If you find that example though, would be good to check out. Thanks!


----------



## Ziggythewiz (May 16, 2010)

Links:

Experiment: http://www.flickr.com/photos/mbarkley/sets/72157603514650280/

EVDL discussion: http://electric-vehicle-discussion-...ng-Lead-Batteries-with-Lithium-td3317351.html

Discussion here: http://www.diyelectriccar.com/forums/showthread.php?t=21315


----------



## meanderingthemaze (Jan 25, 2010)

Awesome, thanks for the links. My guess is that it's either too complicated or expensive to be practical, or no one is pursuing it because lead acid is so unappealing to everyone. 

But I'm going to read through all of that and see if I can contact that guy who built the hybrid pack.


----------



## Ziggythewiz (May 16, 2010)

Yeah, it's a cool thought but pretty complex/risky. Who knows how the cycles will add up. Is one light to the next a discharge/charge cycle?

I suppose the safest way would be to have a parallel string on a separate contactor, with volt/ammeters on each string so if the lithium got too low you could cut it out. It would require an extra charger, but I plan to make one anyway to upgrade to lithium someday so no extra cost there. Maybe even a mini test like that guy did with part of the pack would be good to test lifecycles over a year or two. With headways at $15-25 a small test wouldn't be too bad.
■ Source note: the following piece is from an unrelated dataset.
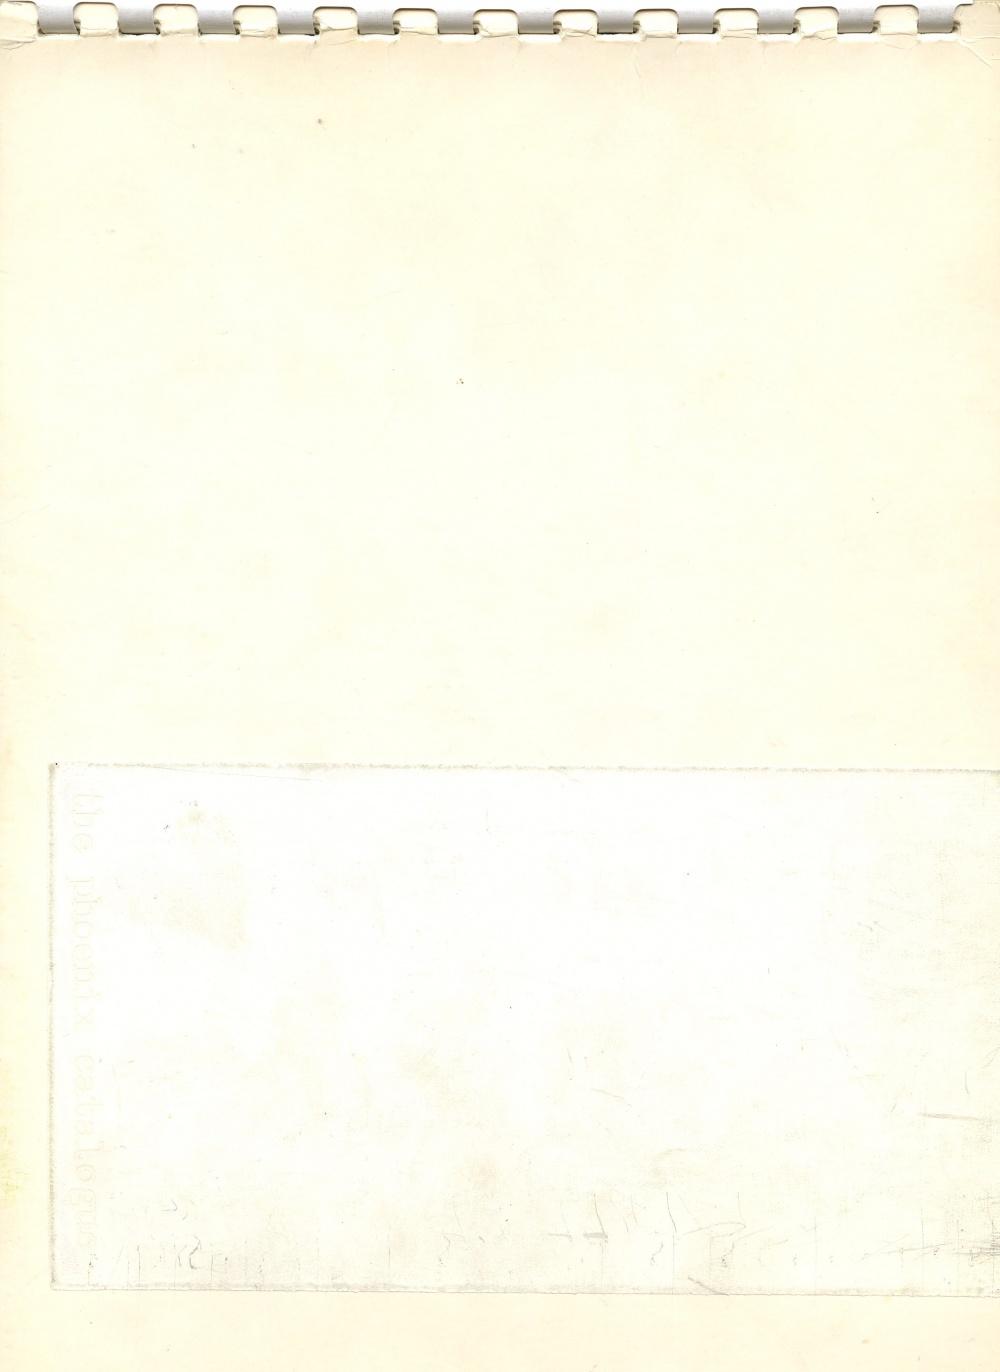 The Phoenix Catalogue Volume 1: An Exploration in Conceptual Art

So much easier with the budy packs, but my 120V system hits 160 while charging.


----------



## DIYguy (Sep 18, 2008)

meanderingthemaze said:


> Awesome, thanks for the links. My guess is that it's either too complicated or expensive to be practical, or no one is pursuing it because lead acid is so unappealing to everyone.
> 
> But I'm going to read through all of that and see if I can contact that guy who built the hybrid pack.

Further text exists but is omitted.